I would like to focus on the latter point, which questions the advantages for victim participation provided by the THL model as compared with criminal proceedings. Indeed, one of the goals of my book was to emphasize the importance of allowing victim groups to organize, initiate proceedings and participate in the legal process. In particular, I pointed to the possibilities that the THL model offers for overcoming the barriers to such participation set by states (in both the domestic criminal track and the international track). Regarding the question of what kinds of groups may have the chance to harness these possibilities, I believe that THL provided mixed results. On the one hand, weaker groups such as the Roma were unable to receive significant compensation, but on the other hand, while the lawsuits were indeed initiated and led by strong Jewish organizations, most of the compensation paid by German corporations was channeled to weaker groups of former forced-laborers and their families in Eastern Europe. Substantively, I agree that victim groups’ initiation and participation are no longer limited to civil litigation, and in my book I also pointed to parallel developments in International Criminal Law (ICL) concerning victim participation, such as in the Rome Statute. However, I argue that the solutions that were developed in THL to deal with problems of representation and conflicts of interest can prove fruitful for addressing these issues which are now resurfacing in ICL. In other words, in light of the trend toward victim participation in domestic and international criminal law, THL may provide a source of inspiration for creating better solutions to issues of mass representation.

Also writing from a criminal law perspective, Joanna Kyriakakis thinks that the book “gave up” too quickly on International Criminal Law (ICL) with regard to business corporations, partly because it focused on the Nuremberg model as opposed to modern ICL. Kyriakakis reminds us that, in fact, no corporation was put on trial in Nuremberg, so that the power of criminal law over corporate defendants was not really tested. James Stewart also contends that the book downplays the possibilities offered by modern ICL. Stewart rightly distinguishes between Nuremberg’s jurisprudence, which was based on “conspiracy” and “criminal organizations” in order to move beyond the direct perpetrator, and modern ICL, “which has replaced them with a plethora of ‘modes of liability’ that are better suited to implicate corporations.” On a deeper level, Stewart questions whether “civil liability is a sufficient response to what Raphael Lemkin once called ‘barbarous practices’ reminiscent of the darkest pages of history.” At issue for him is the particular function that criminal law serves – one that is uniquely tailored to addressing moral blame through its expressive function, by insisting on prohibition as opposed to payment, or by prohibiting plea-bargains altogether.

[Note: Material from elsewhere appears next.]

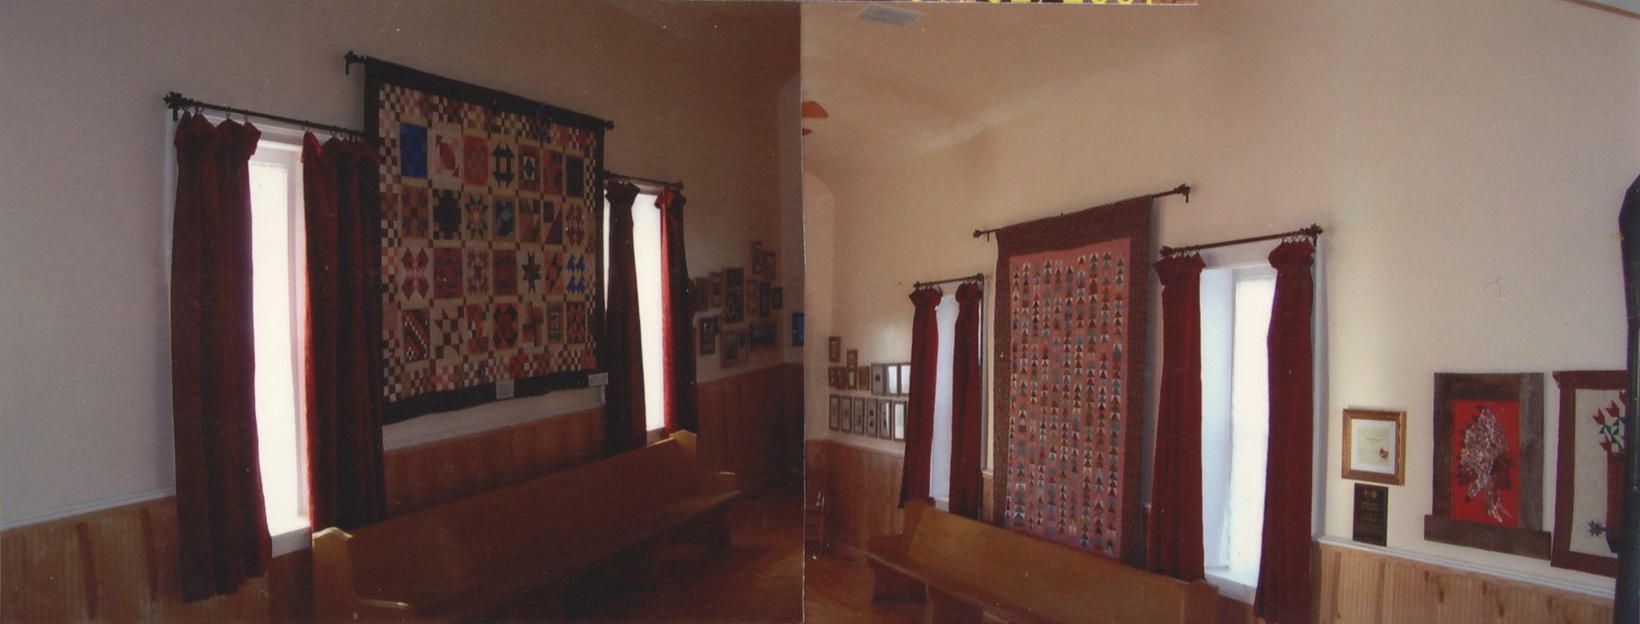 Photo of the inside of the old Toquerville Church after remodelling

Even though Stewart embraces the contextual and pragmatic approach of my book, and rightly observes that it should not be read as an argument for the “ascendance of civil redress and/or settlement as a blanket rule,” I would like to address his concern about the ability of THL to tackle the issue of moral blame. In his essay, “Undoing Historical Injustice,”[1] legal historian Robert Gordon explains that the familiar critique of structural approaches to remedies is that they obscure the moral significance of social injustice. “Without acknowledgment of wrongful, personal agency, there is no shame; without shame, no assumption of responsibility, no possibility of redemption.”[2] However, as Gordon is quick to remind us, “in practice it has been the agency-based approaches, rather than the structural ones, that have tended to be exculpatory: the new regime turns on the bad agents as scapegoats for wrongs that really derived from the routine functioning of an entire social system.”[3] For Gordon, the capacity of criminal law to move from “narrow agent” to “broad agent” approaches by perfecting our “modes of liability” will not solve the problem because the very insistence on individual moral guilt to address problems of structural crimes will continue to hinder the law’s ability to correct the structure. Gordon concludes that “Agency-based theories are really of very limited use as a framework either for understanding systemic or society-wide injustice or for ensuring it does not happen again.”[4] This problem may arise from the commitment of criminal law to a traditional model that views the state as the source of legality and the criminal as a deviator from the norm, while the structural crime requires this conception to be reversed. As I wrote in the book:

In this [the traditional criminal law] model, the culprit characteristically is an individual, and the state intervenes as the accuser and the agent for enforcing and defending violated norms of community order. The jurisprudence of atrocity begins with the opposite assumption. Here the state is no longer the locus of legality, but rather the source of illegality.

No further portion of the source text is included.